- - Thursday, August 20, 2015



By Anne Hillerman

Harper. $27.99, 322 pages


Location (location, location) isn’t important only in real estate. Try thinking about John D. MacDonald without the Florida Keys, Jim Harrison without the UP (Upper Peninsula) or George Pelecanos without Washington, D.C. In this case, the setting is the Navajo Nation in the American Southwest, the vast tribal lands of the Four Corners area (where Arizona, New Mexico, Utah and Colorado meet). That’s a strong plus for a novel, but there’s more: The author’s name is Hillerman, which makes “Rock With Wings” sound like a sure winner. But, wait a minute — this Hillerman’s first name is Anne, not Tony.

In the 18 novels (out of a total of 29 books) he set in this same geographical location, the late Tony Hillerman gave his tribe of devoted fans the magical land of the Navajo people, replete with physical beauty, spiritual mysteries and often a conflict between ancient ways and modern forensics. He also gave them a pair of unforgettable characters, Navajo Tribal Police officers Lt. Joe Leaphorn and Sgt. Jim Chee, who embodied that conflict. Although both men are themselves Navajos, the older man, Leaphorn, insisted on rational thought and careful evidentiary procedure, while Chee, the younger, admits to a fascination with the possibility that in the Navajo Nation, not all things can be explained by reason.

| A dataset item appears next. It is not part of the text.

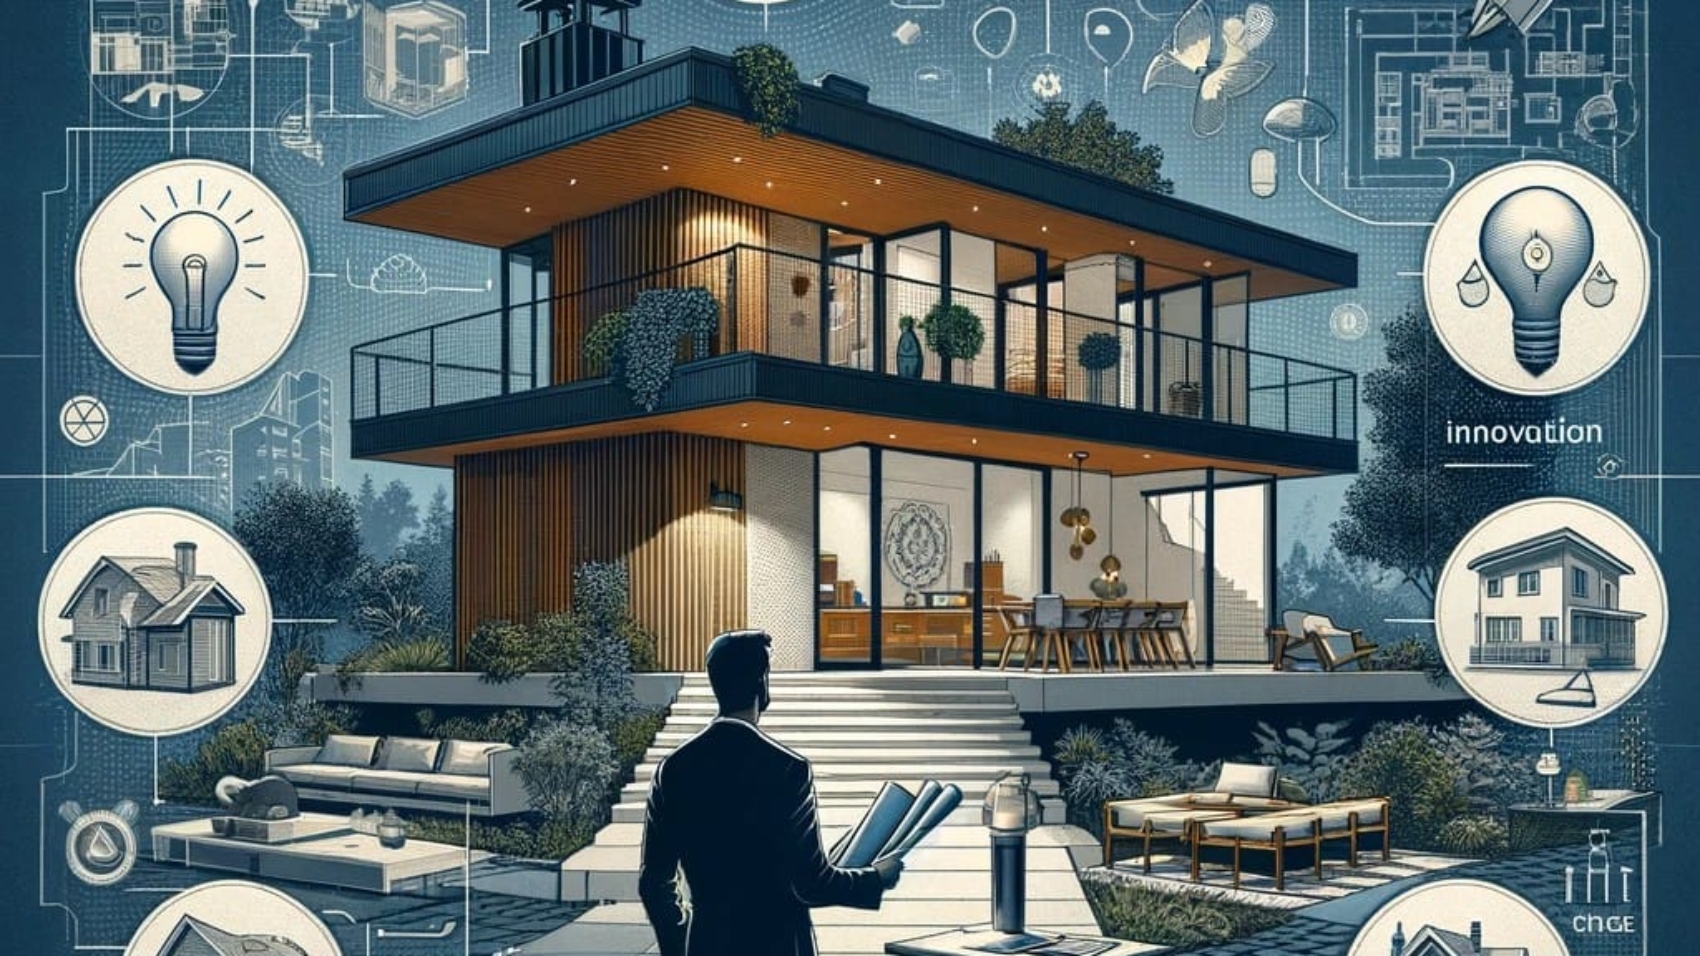 A imagem demonstra um arquiteto especialista em construção civil na plenitude da sua função, levando em consideração todos os aspectos para projetar uma casa linda e funcional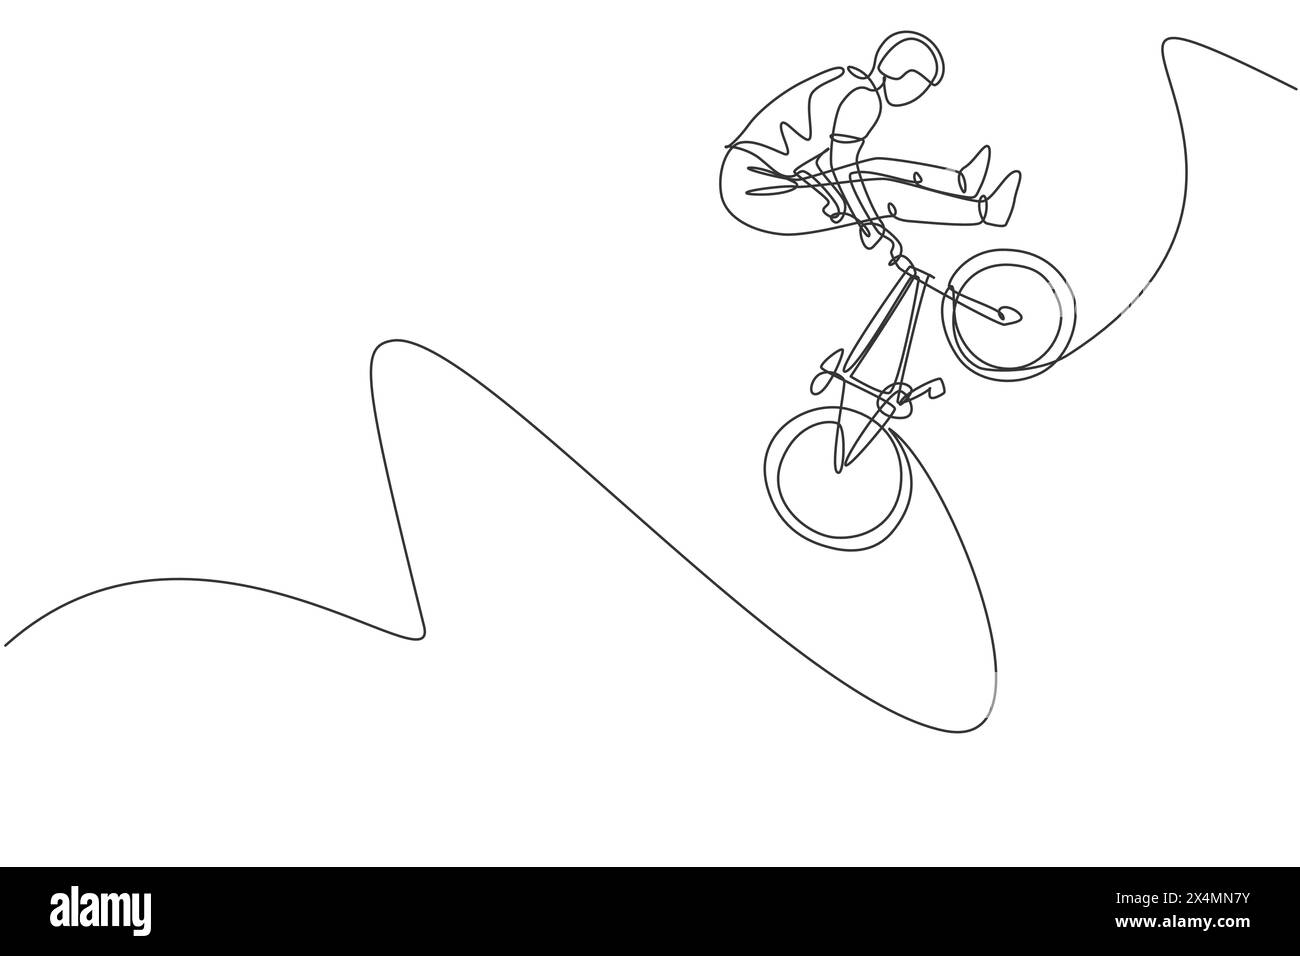 Eine durchgehende Linienzeichnung des jungen BMX-Fahrradfahrers springt im Skatepark in den Lufttrick. Extreme Sport Konzept Vektor Illustration. Einfach Stock Vektor

In “Rock With Wings,” written by Tony Hillerman’s daughter, Anne, the duo becomes a trio with the addition of Chee’s Navajo wife and fellow officer, Bernadette (“Bernie”) Manuelito, the same main characters Ms. Hillerman featured in her debut novel “Spider Woman’s Daughter,” which came out last October to generally positive reviews. In this book, she picks up where she left off, not in terms of the story but with the same cast and setting, and a similarly knotty plot.

Leaphorn and Chee, who last appeared in 2009 in Hillerman pere’s “A Thief of Time,” were the focus of the narrative, but in this case it’s Officer Manuelito who tells the tale, and it’s a good change because it enables the author to present what might be called the woman cop’s point of view. It also shows what kind of life a female has in such a traditionally male-dominated job.

As the book opens, Jim Chee and Bernie Manuelito are embarking on a short working vacation to the magnificent Monument Valley area where Jim has promised to help his cousin Paul start a photo-tour business. But these best-laid plans go awry as soon as they arrive: Manuelito gets a call from her ailing and elderly mother that Manuelito’s younger, troubled sister has disappeared. Officer Bernie Manuelito loyally if begrudgingly returns home — to discover that her sister Darlene “disappeared” into a jail cell after becoming drunk and disorderly — and Officer Jim Chee stays on to help the Monument Valley Navajo police deal with the presence of a movie crew that is shooting a picture in the same surroundings made so memorable by John Ford and John Wayne in “Stagecoach.”

Manuelito pulls over a very nervous motorist whose trunk reveals two huge boxes of dirt, and her husband, sent to find a girl gone missing from the movie-making crew, stumbles on what appears to be a traditional Indian grave. Thus intertwined, the plots thicken from that point forward. Additional questions include: Will Officer Manuelito win the emotional tug-of-war with her headstrong younger sister; will their mother’s health improve; and will Jim and Bernie be able to carve out the time necessary to make a brand new marriage work despite the unintended separation.

All of this is set against a very well-described background of natural beauty, which seems to mock the petty concerns of mere mortals.

A staple of many thrillers is that they introduce the reader to a previously unknown world, which Anne Hillerman most certainly does. The speech patterns employed by the Navajo characters, especially when the conversation is between people of different ages, sound authentic rather than imitative. It also rings true when she writes, “Chee waited for what Bahe would say next. In the Navajo tradition, if something was important you mentioned it four times.” And, on the day Manuelito is to give a talk to a Rotary Club luncheon, she fixes her hair in the “traditional ‘tsiiyeel,’ the Navajo bun.”

By choosing to pick up her father’s characters where he’d dropped them, Anne Hillerman, also a former journalist, more than invites comparisons with his fiction. On a basis of writing skill, to paraphrase a famous political put-down, she’s no Tony Hillerman. There are instances where it appears both author and editor must have fallen asleep, because words and phrases are repeated in too-close proximity, and where she telegraphs a number of emotional punches, such as when she writes that Jim Chee, thinking of his wife, “couldn’t wait to see her again.” Also, the plot has more twist than a lanyard.

However, not only does Anne Hillerman more than hold her own on her father’s turf, she provides touches and insights not seen in his male-dominated world. And, like her famous father before her, she ably transports the reader to the marvelous, mystical, and many-hued landscape of the Navajo Nation.

John Greenya is a Washington writer and critic.